JAKARTA - L'ambassadeur d'Israël a critiqué la décision des Nations unies (ONU) d'inscrire son pays sur la liste noire des pays qui commettent des violences sexuelles dans les zones de conflit.
Dans sa condamnation sur les médias sociaux, X, l'ambassadeur d'Israël auprès des Nations unies, Danny Danon a écrit : « Les Nations unies ont ajouté Israël à la liste noire de la violence sexuelle dans les zones de conflit, avec les organisations terroristes les plus brutales du monde - le Hamas et l'État islamique ».
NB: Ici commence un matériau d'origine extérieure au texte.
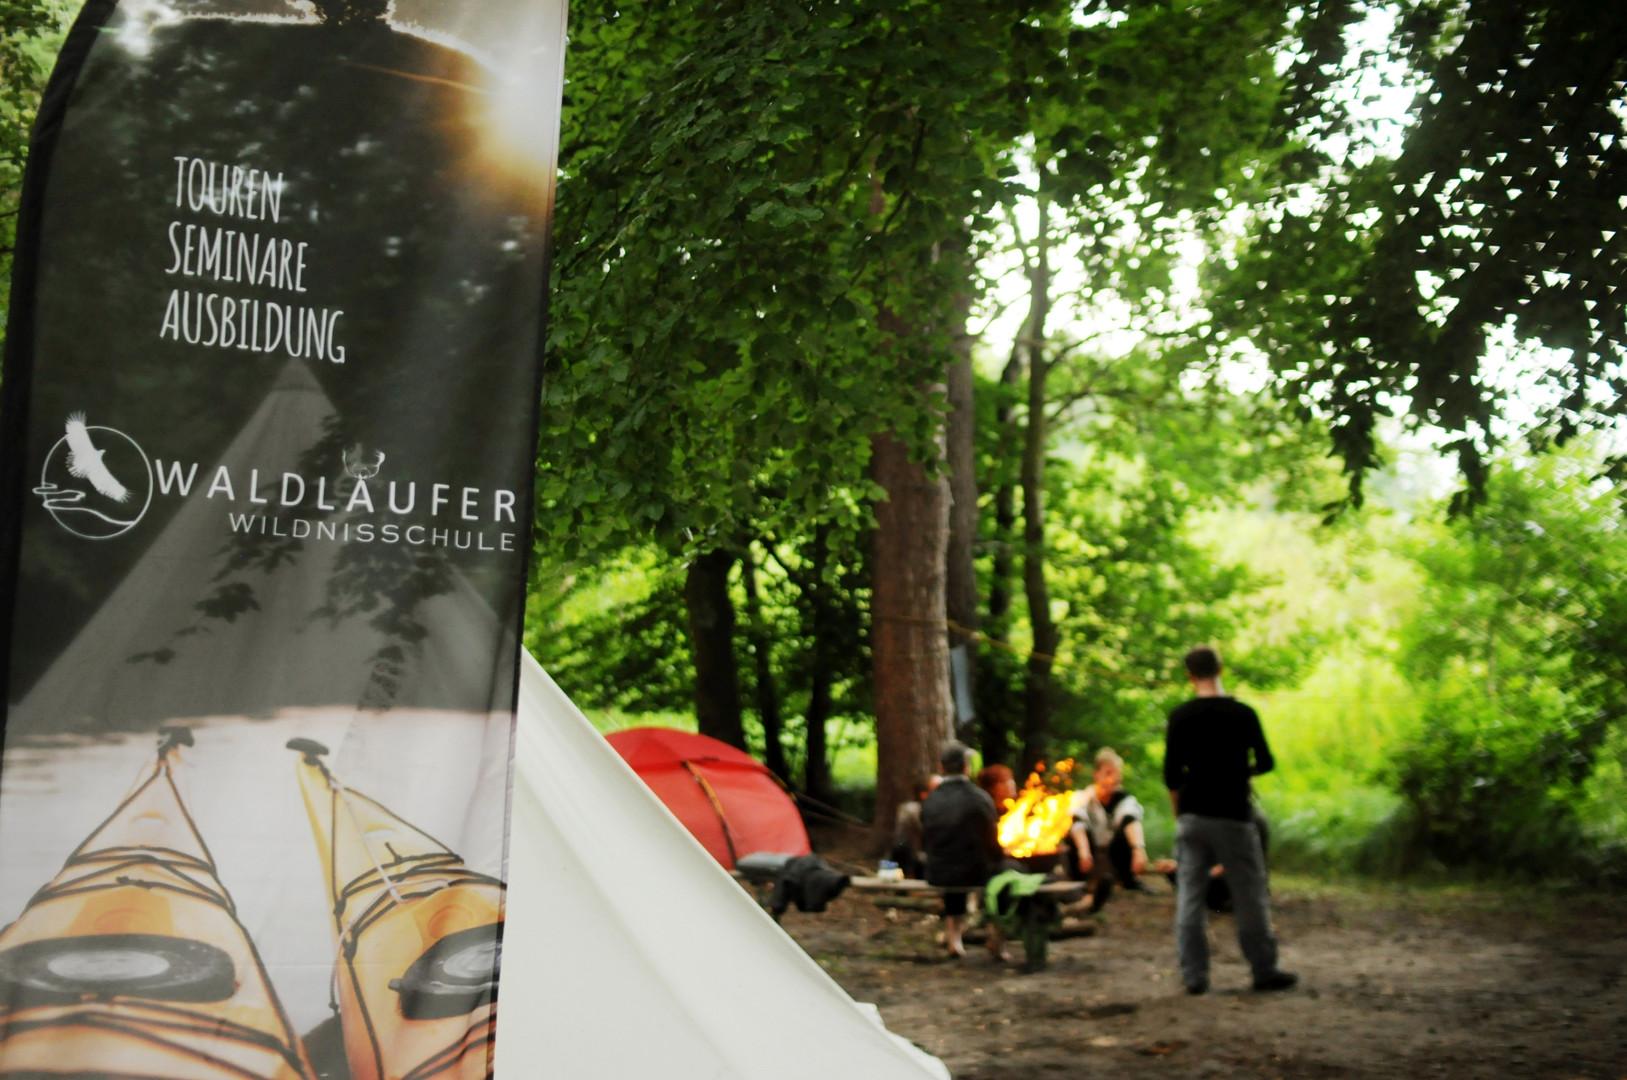 Waldläufer Wildnisschule WL.jpg
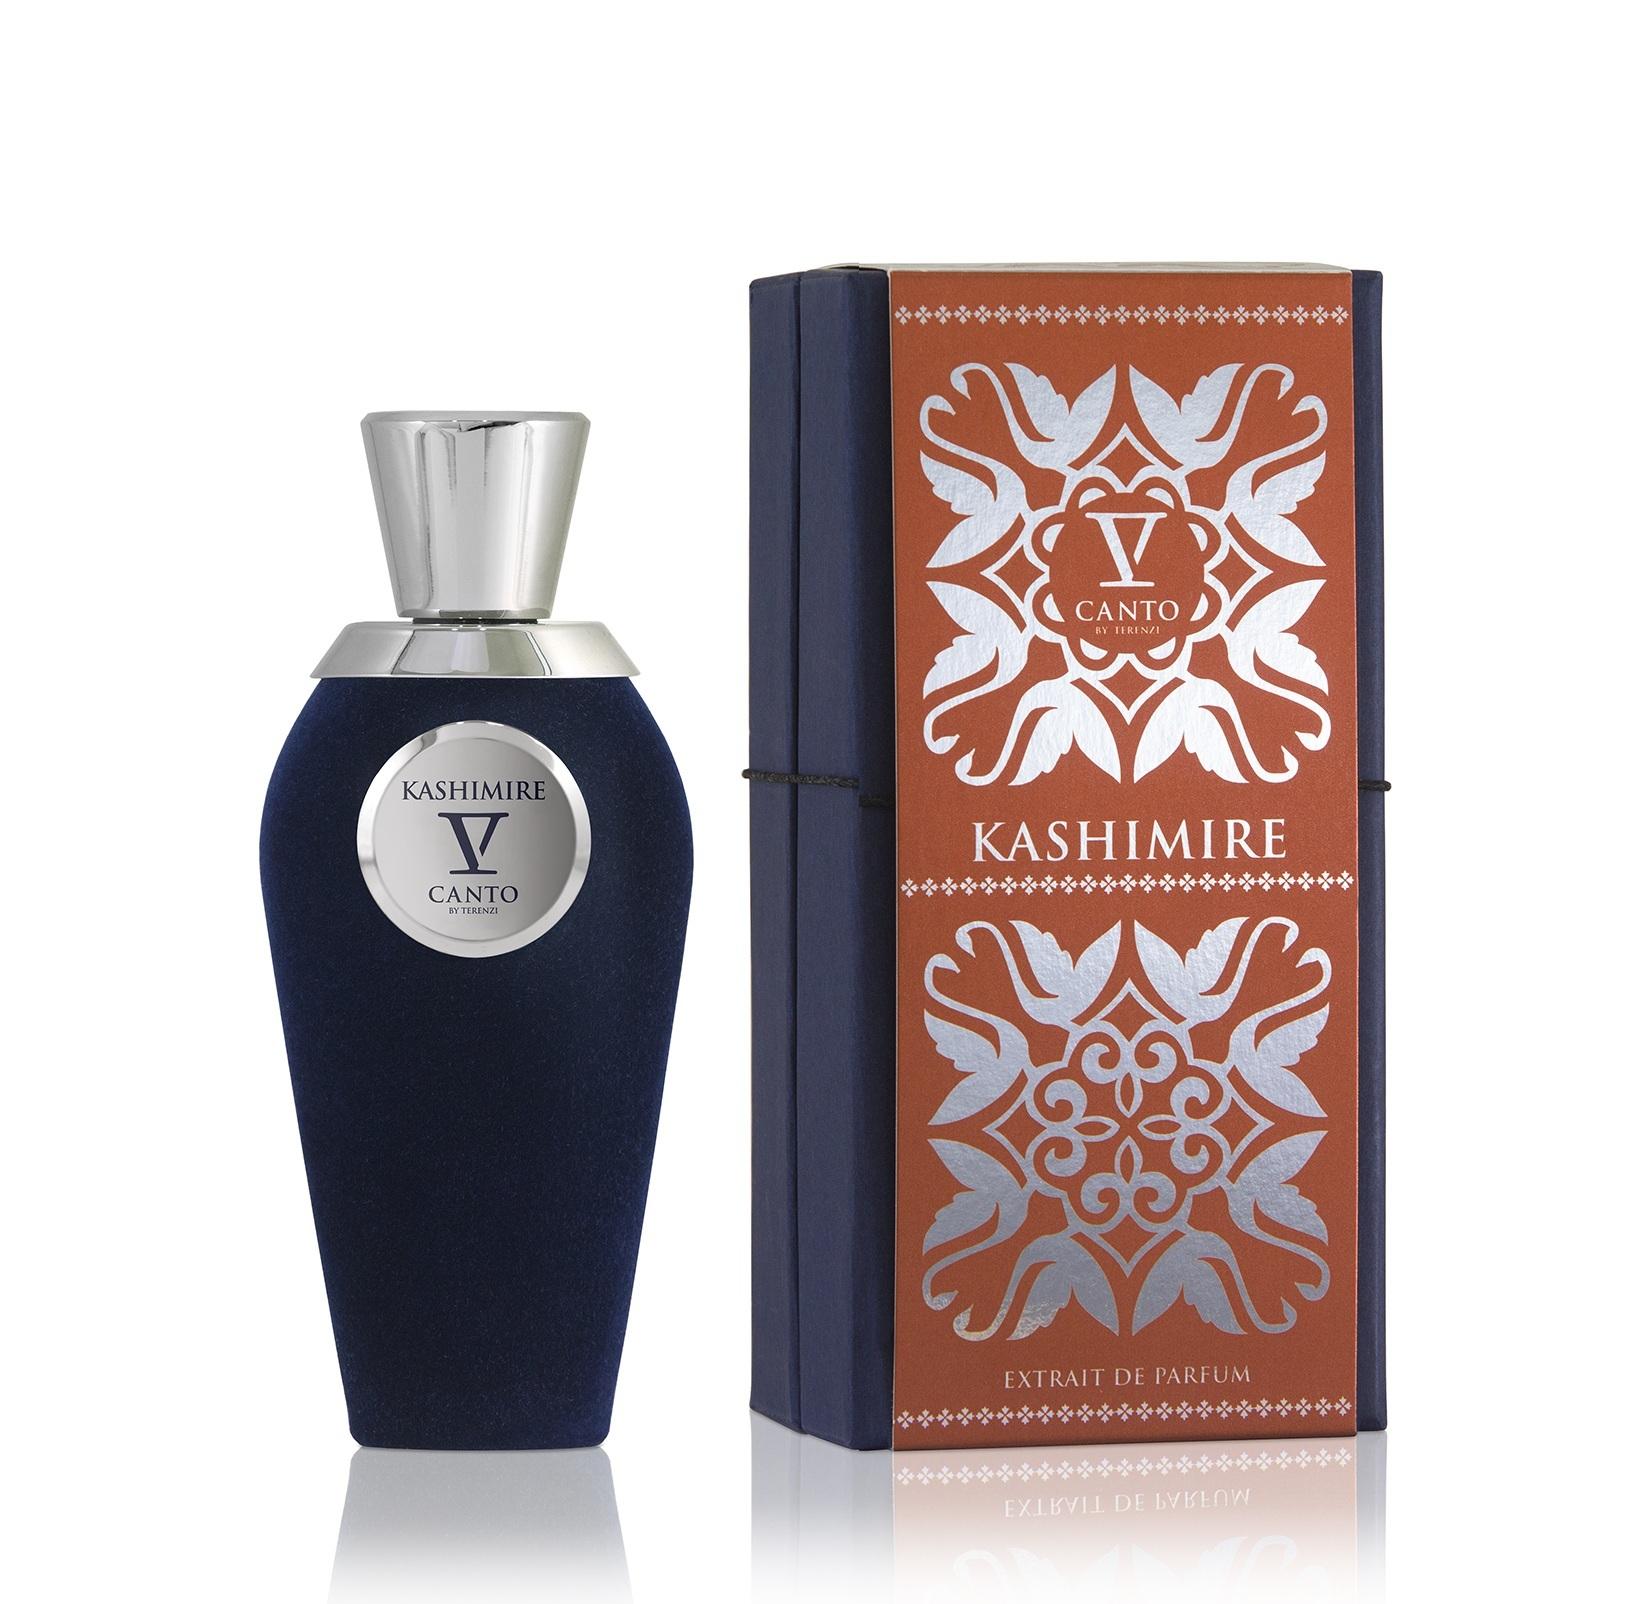 V Canto Kashimire Extrait de Parfum

« C’est une décision politique ! En dépit des faits et des réalités ! Israël a soumis des preuves, des documents et des réponses détaillées à chaque allégation », a-t-il écrit, cité par The Jewish Chronicle (28/5).
« Nous avons invité des représentants des Nations unies à venir sur le terrain et à vérifier tout de près, et bien sûr, ils ont choisi de ne pas le faire », a-t-il poursuivi.
« Lorsque les faits ne correspondent pas à la narration, à l'ONU, ils ne changent que la narration », a-t-il ajouté.
Comme l’avait rapporté précédemment le Monde, l’ONU a ajouté une entité israélienne à la liste noire des pays qui commettent des violences sexuelles dans les zones de conflit, une liste qui comprend le Hamas et d’autres groupes.
Le Service pénitentiaire israélien (IPS) sera inscrit sur la liste en 2026, de même que d’autres autorités israéliennes qui ont rejoint le cadre de surveillance pour une éventuelle inscription à l’avenir, rapporte The Jerusalem Post, qui en est le seul à avoir eu connaissance.
Cette évolution fait suite à un rapport de la représentante du Secrétaire général des Nations unies pour la violence sexuelle dans les conflits, Pramila Patten, qui a établi qu'il y avait des raisons plausibles pour le Hamas d'avoir commis des actes de viol et de violence sexuelle pendant le massacre du 7 octobre et pendant la prise d'otages à Gaza.
Israël a affirmé qu'après l'inclusion du Hamas, une pression importante avait été exercée sur le secrétaire général de l'ONU pour inclure Israël dans la liste.
Citée par Middle East Eye, la liste noire fait partie de l’annexe du rapport annuel du Secrétaire général des Nations unies sur la violence sexuelle liée aux conflits (CRSV).
La liste identifie les parties présumées avoir commis de manière crédible des actes de viols ou d'autres formes de violence sexuelle pendant le conflit armé.
Les rapports annuels sont généralement publiés en août, et les parties inscrites restent généralement au moins un an.
Un total de 63 acteurs étatiques et non étatiques figurent sur la liste de 2025, y compris le Hamas.
Des organisations de défense des droits de l'homme et des médias ont documenté des centaines de témoignages de la bande de Gaza, de la Rive occidentale et dans les prisons israéliennes, qui décrivent les tortures et les agressions sexuelles subies par les Palestiniens pendant leur arrestation, leur interrogatoire et leur détention, comme l'a rapporté WAFA.
L'armée israélienne et les gardiens de prison sont accusés de divers abus contre des prisonniers palestiniens depuis octobre 2023, y compris de viols, de tortures, de privations de nourriture et de traitements dégradants.
Au moins 100 prisonniers auraient perdu la vie en détention dans ces conditions, presque la moitié ayant succombé en détention militaire et le reste dans des installations gérées par l'IPS.
Des dizaines de témoignages de détenus libérés ont détaillé les mauvais traitements présumés en détention israélienne.